Em 11 de julho de 1982, a final da Copa do Mundo da FIFA foi disputada entre Itália e Alemanha Ocidental no Estádio Santiago Bernabéu, em Madri . O primeiro tempo terminou sem gols; no segundo tempo, a Azzurra — com seis jogadores da Juventus em campo — assumiu o centro das atenções e, após o primeiro gol de Rossi, aos 57 minutos, ensinou geometria aos alemães. Roumenigge tentou passar a bola para Breitner, que, como um colegial desatento, foi ultrapassado por Paolo Rossi, um zagueiro novato. Entra Archimede Scirea, que, durante sua corrida em direção ao gol adversário, parecia um compêndio do livro do cientista siracusano, "Sobre a Esfera e o Cilindro": no meio-campo, ele passou a bola para Conti, na direita, que se moveu para dentro e driblou quase até a entrada da área adversária antes da chegada de Rossi. Pablito devolve a bola para Scirea dentro da área, pela direita, que desvia de calcanhar para Bergomi. O passe vai novamente para o jogador da Juventus, que hesita e zomba dos zagueiros antes de passar a bola para Tardelli, que chuta rasteiro de canhota em direção à entrada da área. Tardelli bloqueia a bola com o pé direito, levantando-se um pouco e finalizando de voleio no segundo poste, bem no canto, fora do alcance do goleiro .
Velocidade, precisão, classe e geometria frenética fazem dessa ação uma figura geométrica que deveria ser relegada não aos livros de geometria, mas aos livros de história.
Não é coincidência que o termo grego Stomachion — aquele antigo quebra-cabeça composto por quatorze peças cortadas em formas geométricas complementares, permitindo ao jogador formar um quadrado mudando a combinação com base em sua habilidade — derive de Stomachos, irritação, dor de estômago, presumivelmente a mesma que o quebra-cabeça infligia a todos aqueles que o tentavam.

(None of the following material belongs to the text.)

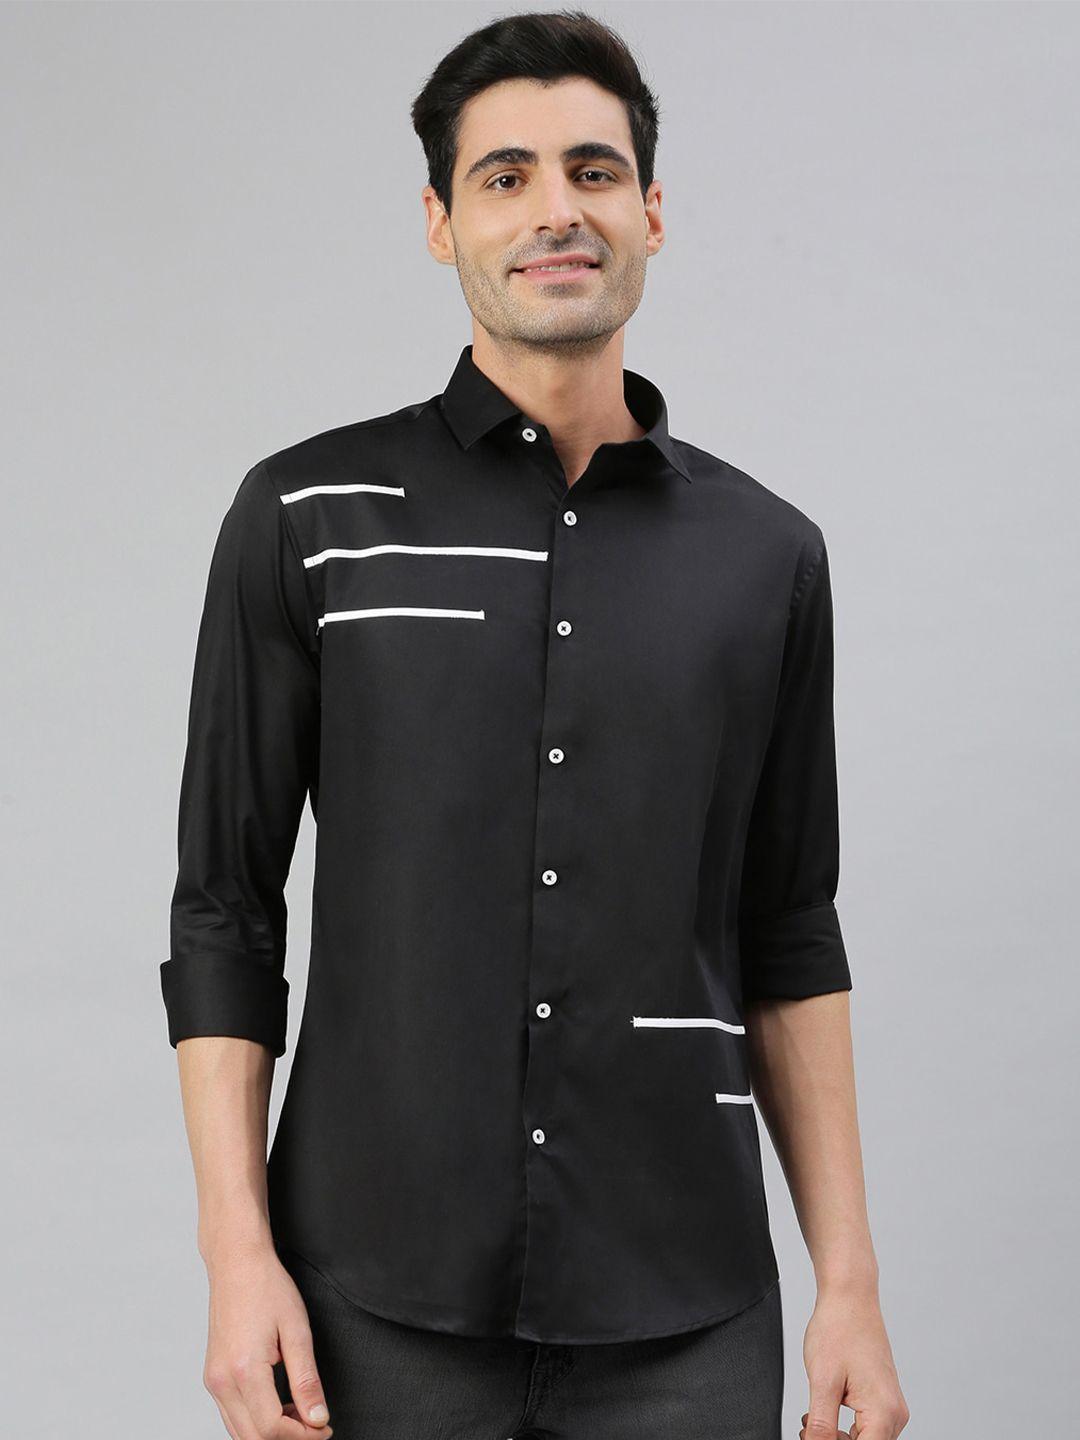 mr-button-men-black-&-white-smart-slim-fit-striped-cotton-casual-shirt

Porque os alemães, naquela noite, após o gol, pareciam atordoados, certamente irritados, com dores de estômago que causavam tonturas devido à combinatória, essencial para resolver o Stomachion, mas também para a jogada. Depois de uma jogada tão assustadora, o terceiro gol não poderia ter passado despercebido, marcado aos 81 minutos por Altobelli, que havia entrado no lugar de Graziani aos sete minutos. Fim de jogo. Eles não podem mais nos pegar. Breitner, determinado a não ser enviado permanentemente de volta à geometria, compensou a expectativa que levou ao segundo gol da seleção italiana marcando o gol de consolação aos 83 minutos. Os nobres de Siracusa ficaram satisfeitos, assim como os seis porta-estandartes da Juventus, a espinha dorsal de uma seleção campeã mundial que passou com louvor em geometria.
Esperamos, no entanto, que o time atual passe com dificuldade pelos exames de setembro. Esperamos que em julho do ano que vem não precisemos nos recolher ao paraíso das memórias. Afinal, com alguém chamado Gennaro no banco, é razoável esperar um milagre.